**Instructions to follow:**
Find "- Measure: 120cm wide x 91cm tall x 70cm deep" in the data, then restate the line it sits in and every later line word for word, ending with the last line.

**Material provided:**
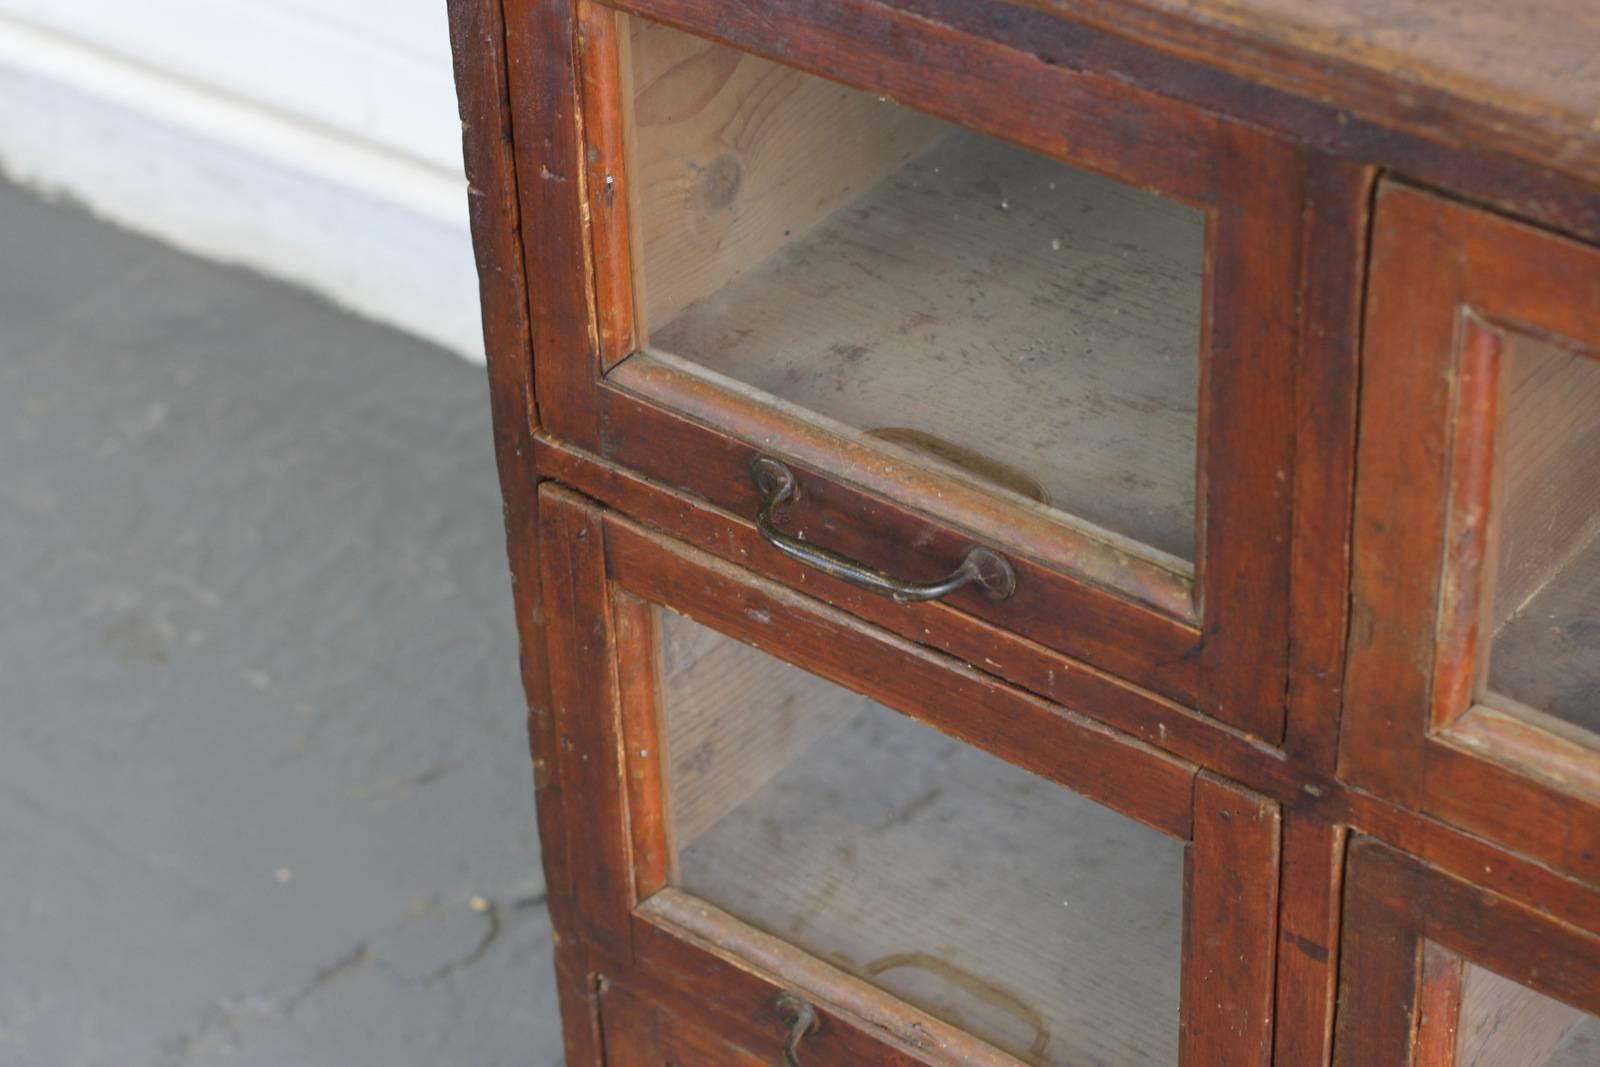 - Nine pull out windowed drawers
- Brass handles
- Pine drawers, top and sides
- French, circa 1900
- Measure: 120cm wide x 91cm tall x 70cm deep
- Each drawers measures 31cm wide x 21cm tall x 50cm deep

Condition report

All the drawers

**Written response:**
- Measure: 120cm wide x 91cm tall x 70cm deep
- Each drawers measures 31cm wide x 21cm tall x 50cm deep

Condition report

All the drawers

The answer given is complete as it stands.